**MATERIAL PROVIDED:**
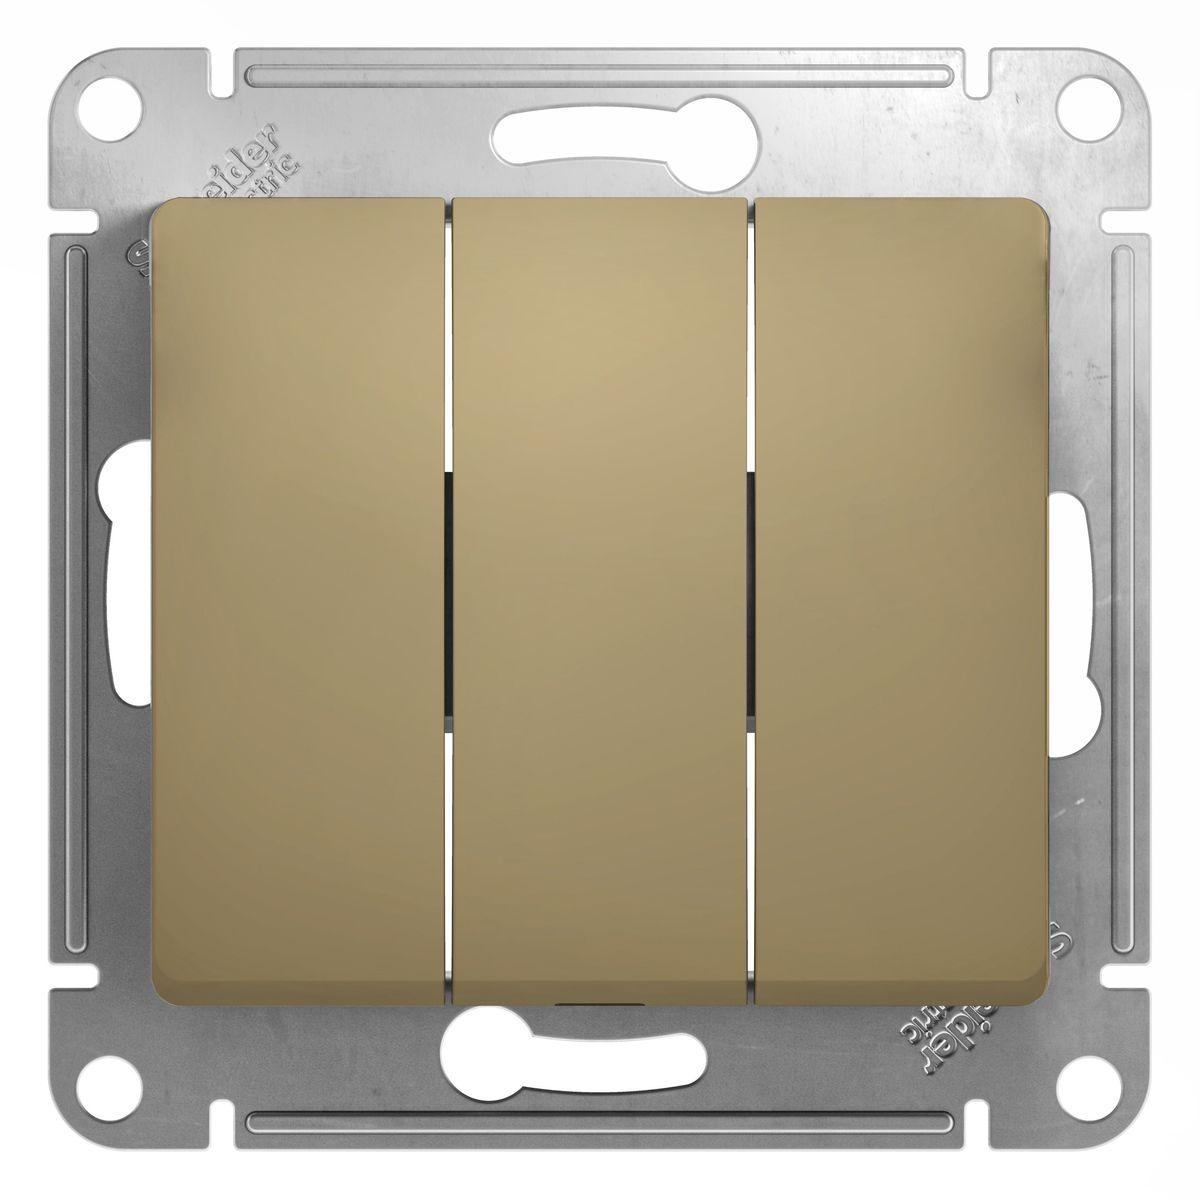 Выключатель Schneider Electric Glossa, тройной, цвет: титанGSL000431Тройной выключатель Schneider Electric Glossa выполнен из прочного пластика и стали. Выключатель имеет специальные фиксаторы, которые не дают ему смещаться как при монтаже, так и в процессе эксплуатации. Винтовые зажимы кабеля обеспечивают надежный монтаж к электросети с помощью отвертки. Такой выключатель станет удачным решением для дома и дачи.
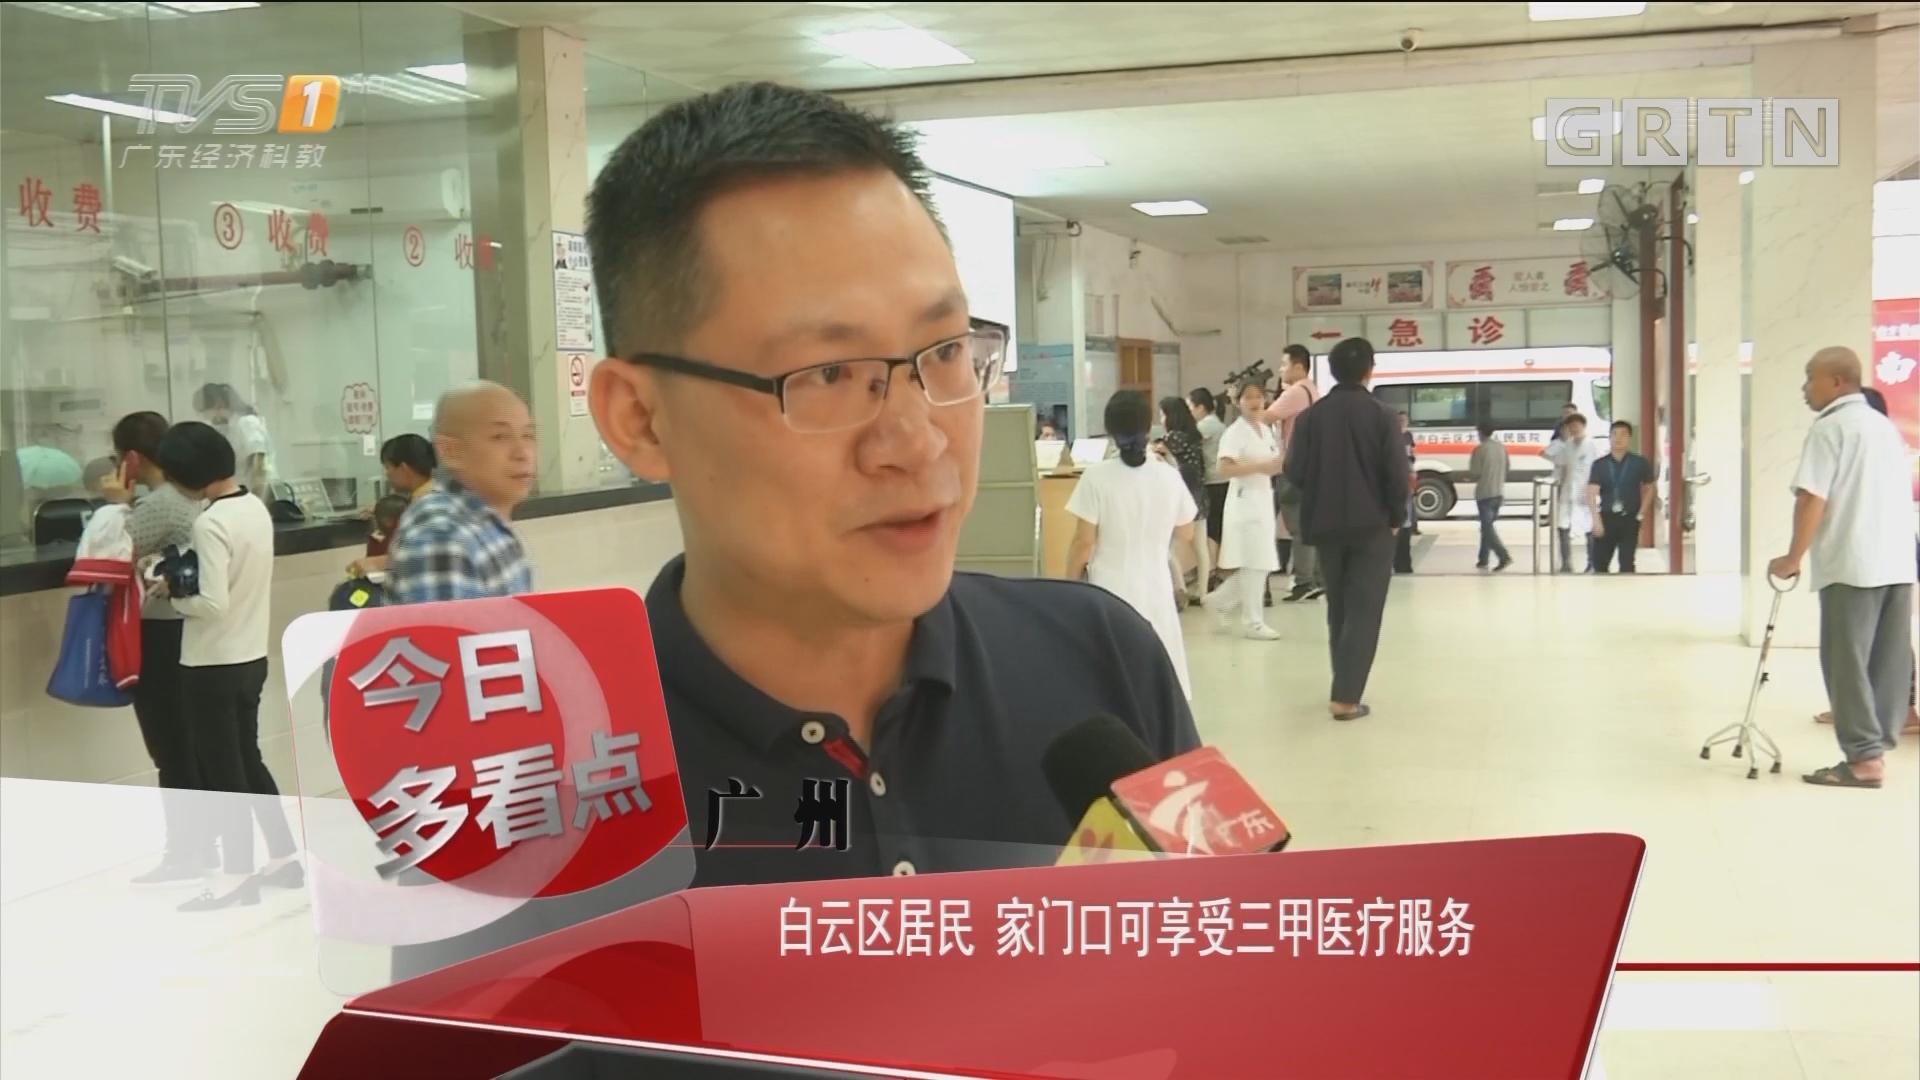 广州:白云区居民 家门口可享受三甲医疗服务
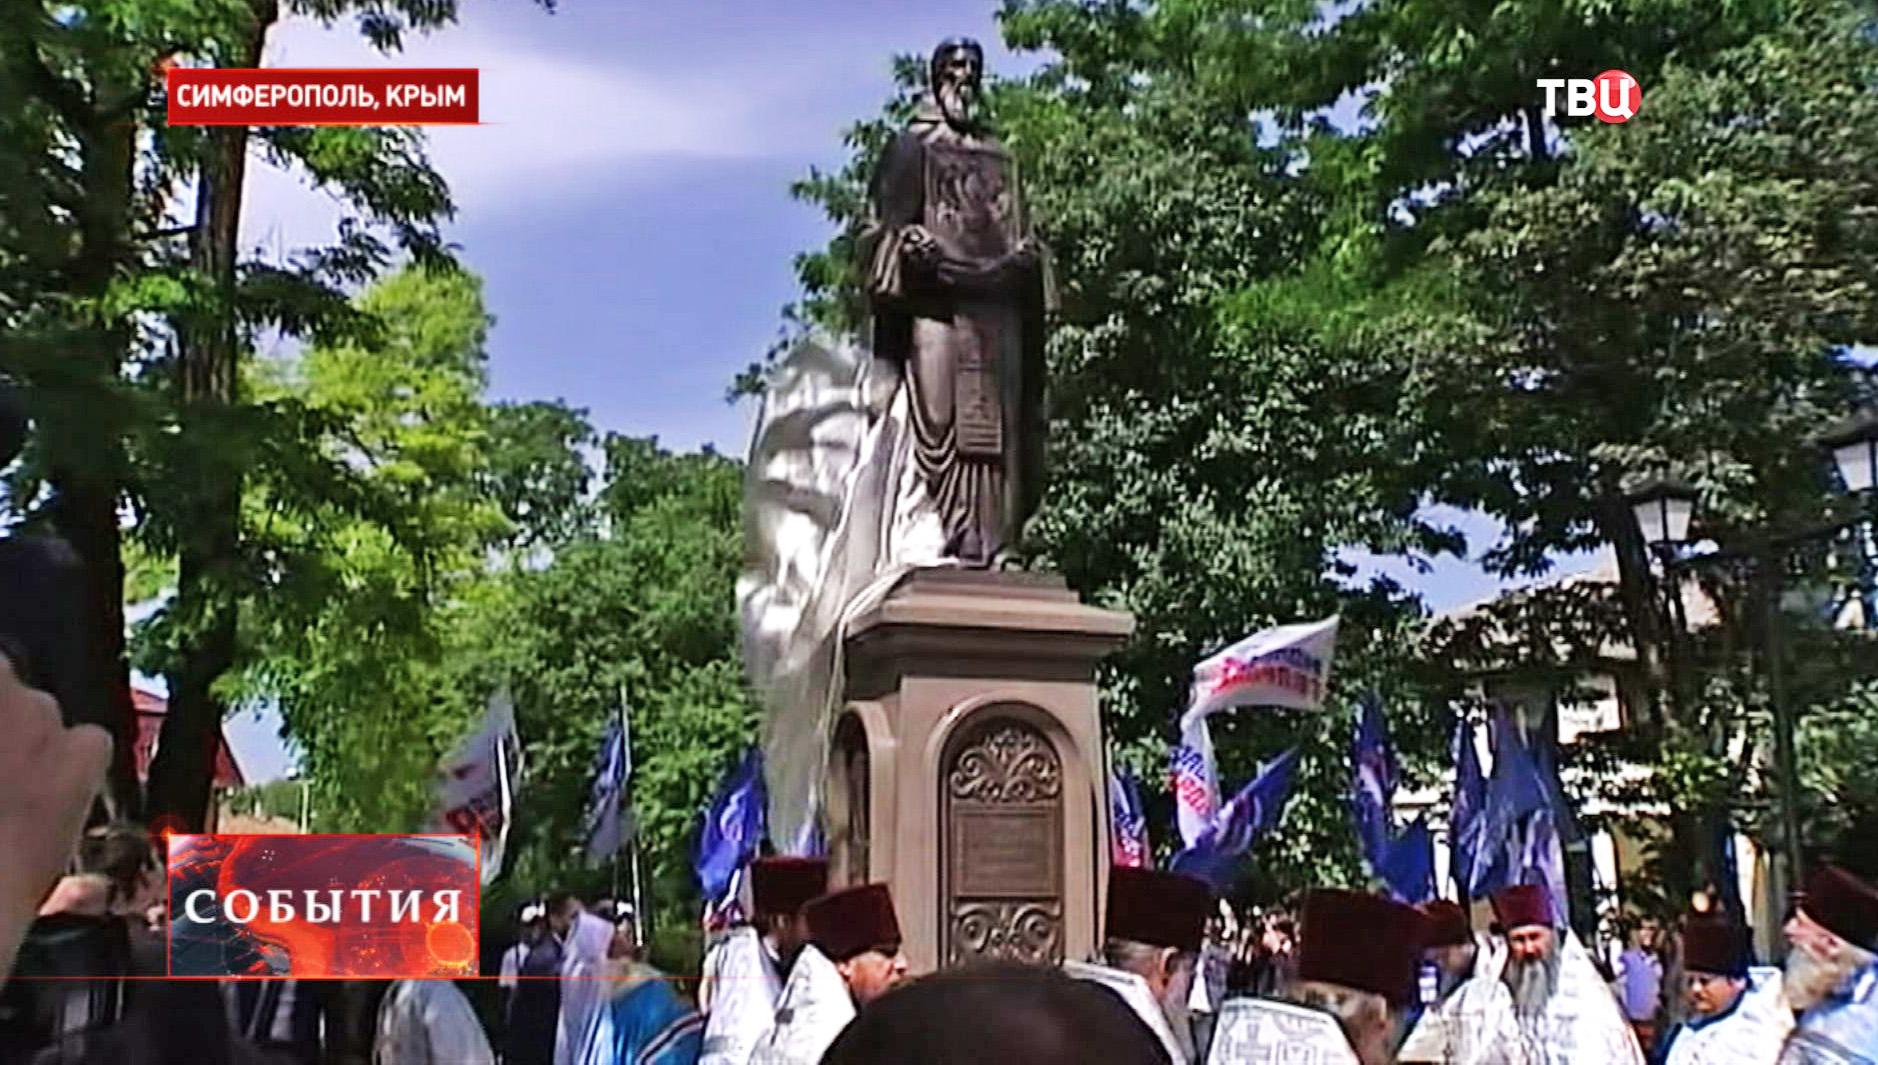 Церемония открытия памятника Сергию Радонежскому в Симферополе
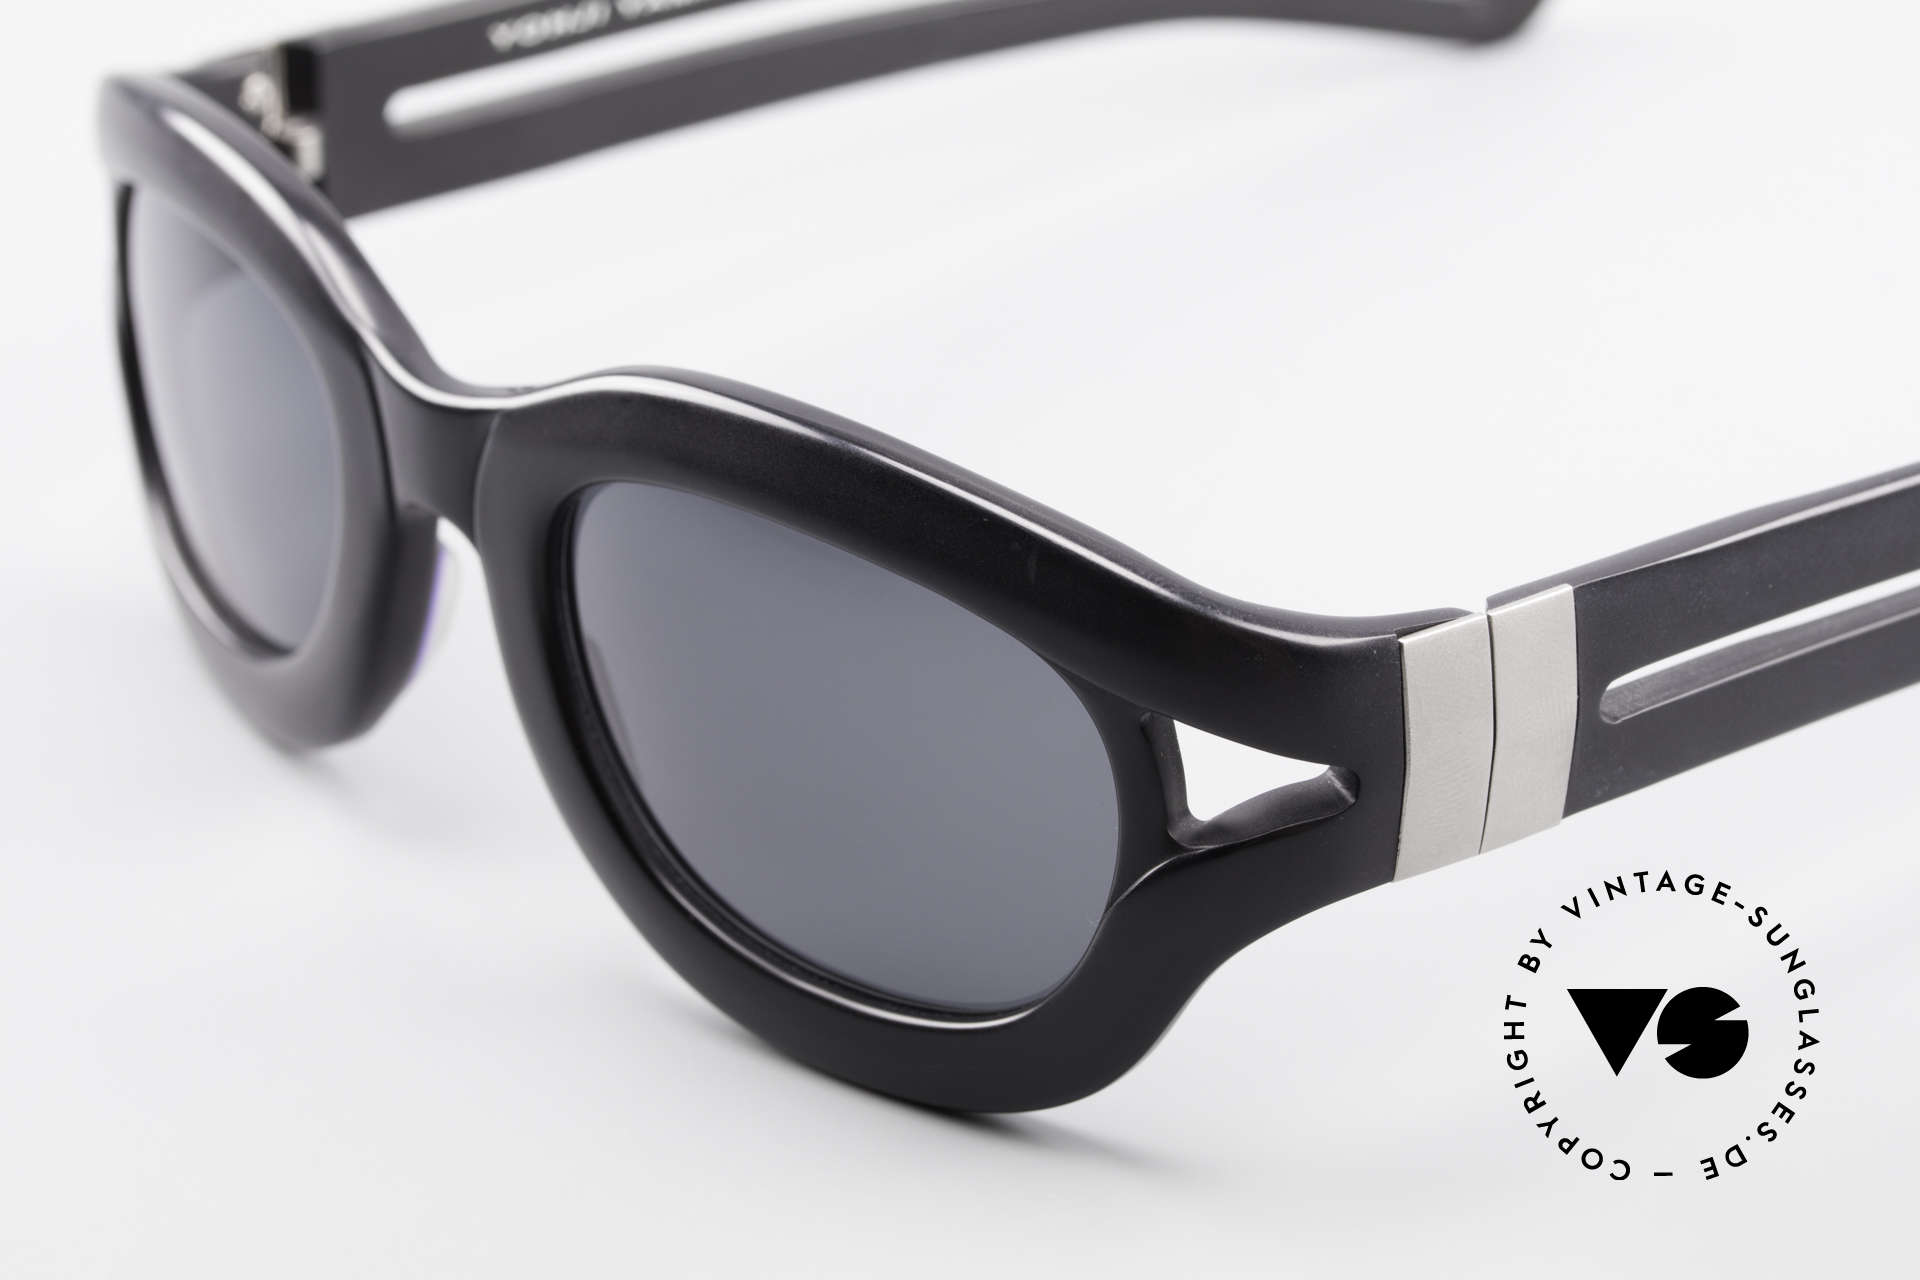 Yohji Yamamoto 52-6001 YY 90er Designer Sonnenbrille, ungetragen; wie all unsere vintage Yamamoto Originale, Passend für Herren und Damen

**WHAT YOU ARE ASKED TO DO:** Restate the listing word for word and drop the pictures.

**TASK RESULT:**
 Выключатель Schneider Electric Glossa, тройной, цвет: титанGSL000431Тройной выключатель Schneider Electric Glossa выполнен из прочного пластика и стали. Выключатель имеет специальные фиксаторы, которые не дают ему смещаться как при монтаже, так и в процессе эксплуатации. Винтовые зажимы кабеля обеспечивают надежный монтаж к электросети с помощью отвертки. Такой выключатель станет удачным решением для дома и дачи.
 广州:白云区居民 家门口可享受三甲医疗服务
 Церемония открытия памятника Сергию Радонежскому в Симферополе
 Yohji Yamamoto 52-6001 YY 90er Designer Sonnenbrille, ungetragen; wie all unsere vintage Yamamoto Originale, Passend für Herren und Damen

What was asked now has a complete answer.